Saw Hte Hte fled Burma 14 years ago. A grandfatherly older man, he acts as the Secretary of the Karen Refugee Committee, the group of Karen refugees that oversees their fellow refugees and is in charge of administering the distribution of aid provided by the international NGOs.  I ask him what he thinks about the new resettlement program and he replies, “[The Karen refugees are] quite unsure what is their future, so resettlement may be some kind of a future for them, that’s what most of them feel. Maybe it is the straw that they would like to grasp for their future.”

“Some young people born in the camps as refugees, they didn’t even know where they came from, which country, which place, they don’t know — they have never been there. They are born in the camps, and as [far as] most people are concerned, it is their future, and let’s say the military government in Burma disowned these people, these refugees, these people in the camps,” he continues.

“Let’s say they are people without any identity … As a refugee, what would be your choice for your future?”

Children in the camp are excited to see someone new.

A future in the works

For Raku Mae, who does not have authorization to leave her home at Noh Po Camp, the knowledge that she lives in a different reality is permanent. “For security, [it’s] very strict for us, because we are here illegal, not legal, so we have to pay a lot,” she sighs. To travel from the camp to the office, it costs her between 15 to 20 times the fare paid by Thais to ride the same route because of the unofficial fees she must pay to get through the military checkpoints along the road. “It is very difficult to travel … We don’t have money.” Later, she recalls a Thai police raid on the KWO office when a group of students and their English teacher, an American volunteer, were taken across the border into Burma in an unofficial expulsion from the country. Though they were allowed to return after one day, incidents like this further underline the unpredictability of their situation.

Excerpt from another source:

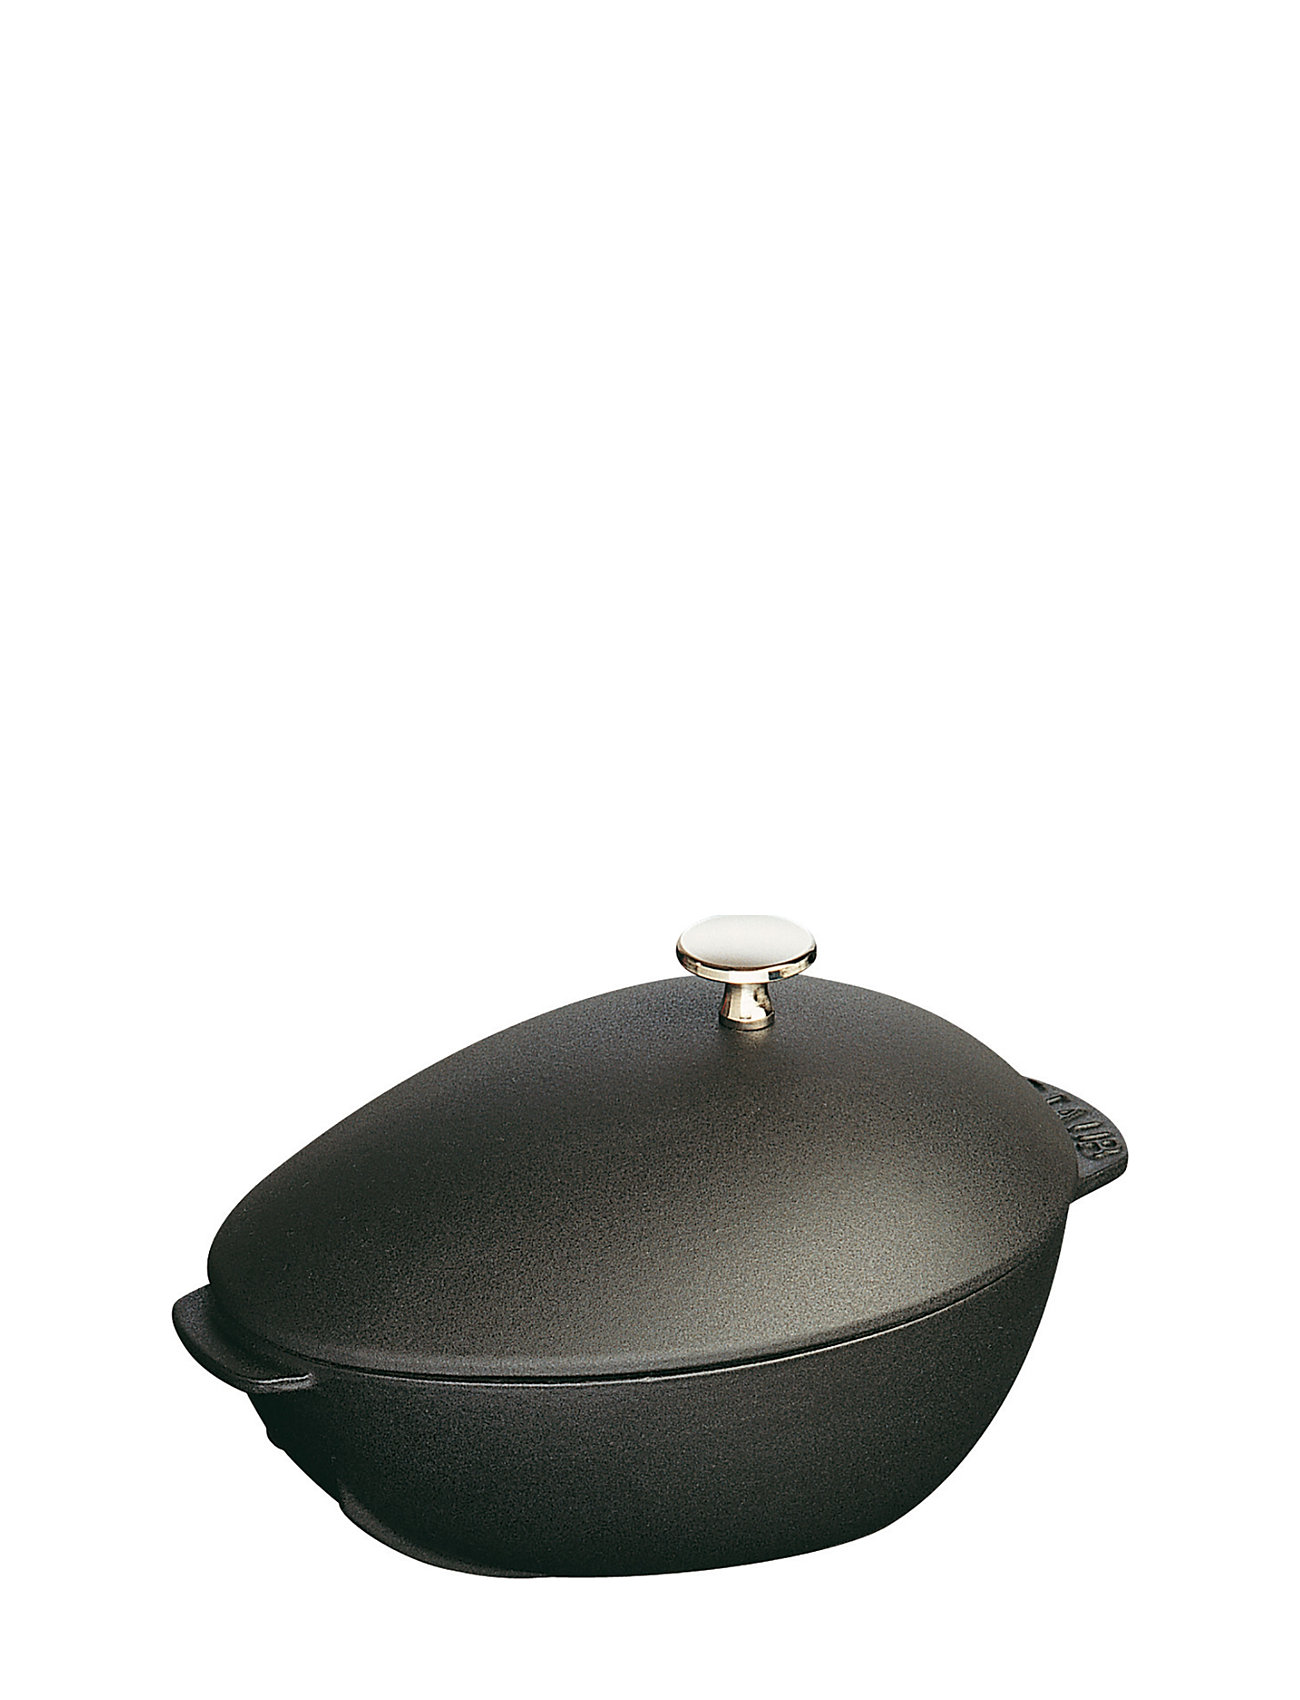 La Cocotte - Mussel Pot Home Kitchen Pots & Pans Casserole Dishes Black STAUB
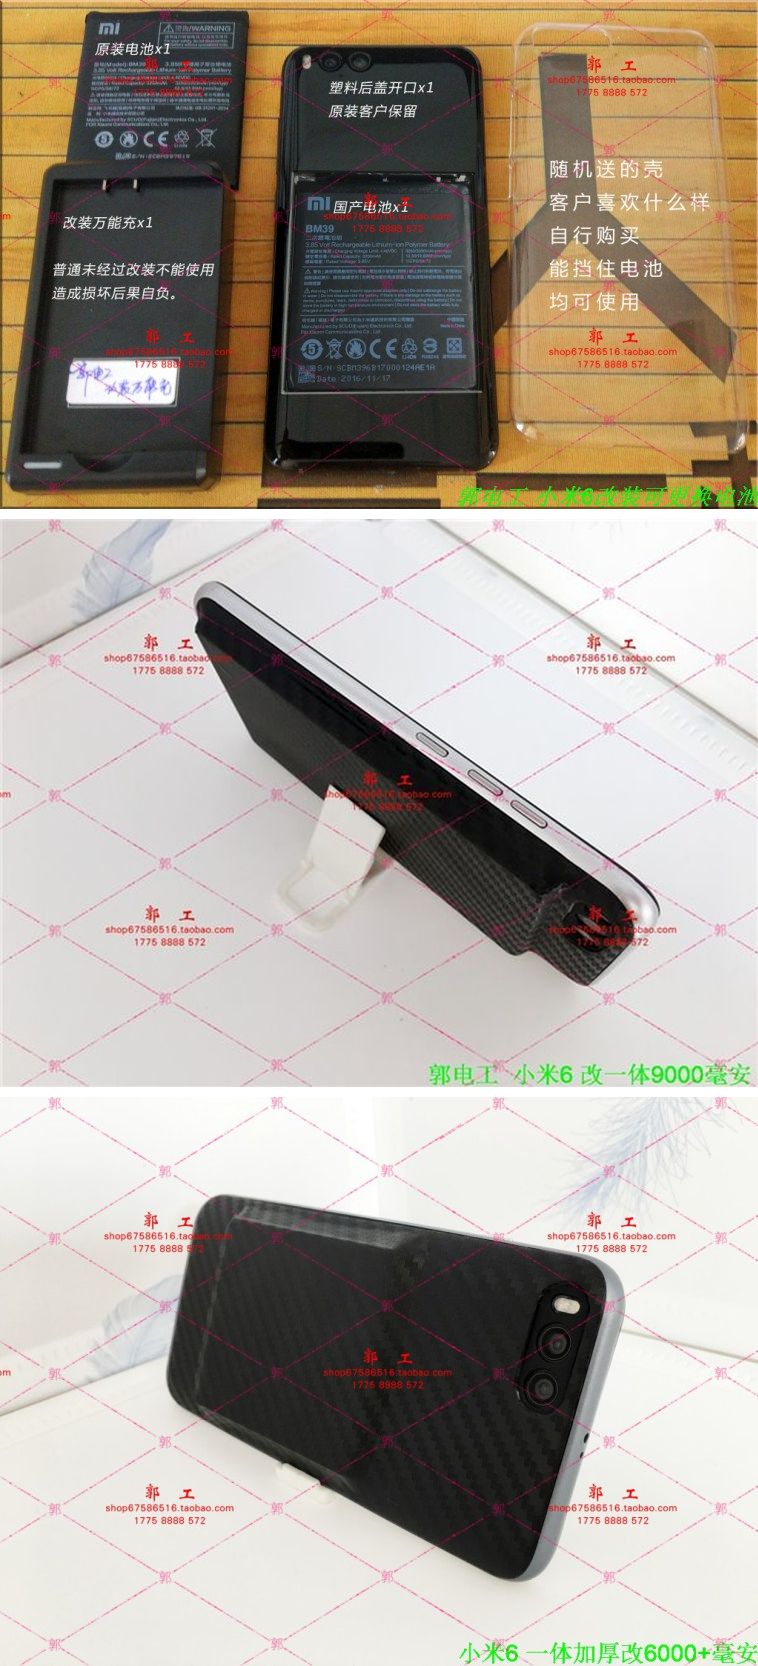 Xiaomi Mi 6 brutális akkumulátorral

Despite everything, Raku Mae and her friends cannot fathom leaving their work in the border area. Cho Cho, 24, is a trainer for the KWO who is learning about subjects like democracy, federalism, constitutional law, and human rights, and then transferring the knowledge to other Karen. Her hopes are still high that her work may bring about improvements in her country. “I hope to change [the] government inside Burma, because I want to come back inside Burma.” She sees herself as indispensable to her people. Resettling would be equal to deserting her people and their plight, even though her own future would be much brighter if she left.

Young and intelligent, Cho Cho would have a good chance of attending university if she left, and likely would be able to pursue her dream of being a lawyer. If she stays, biding her time for freedom in Burma, she loses this opportunity forever. Even if Burma someday becomes the democratic country she longs for, her whole life will be devoted to reconstructing the country — with no time to pursue the sacrificed desires for her own future. Yet her idealism runs strong. “I want to learn,” she says, “so that when the time comes, I will be here to help my people know their rights and to know what they should ask for themselves … If they know their rights, they can do anything.”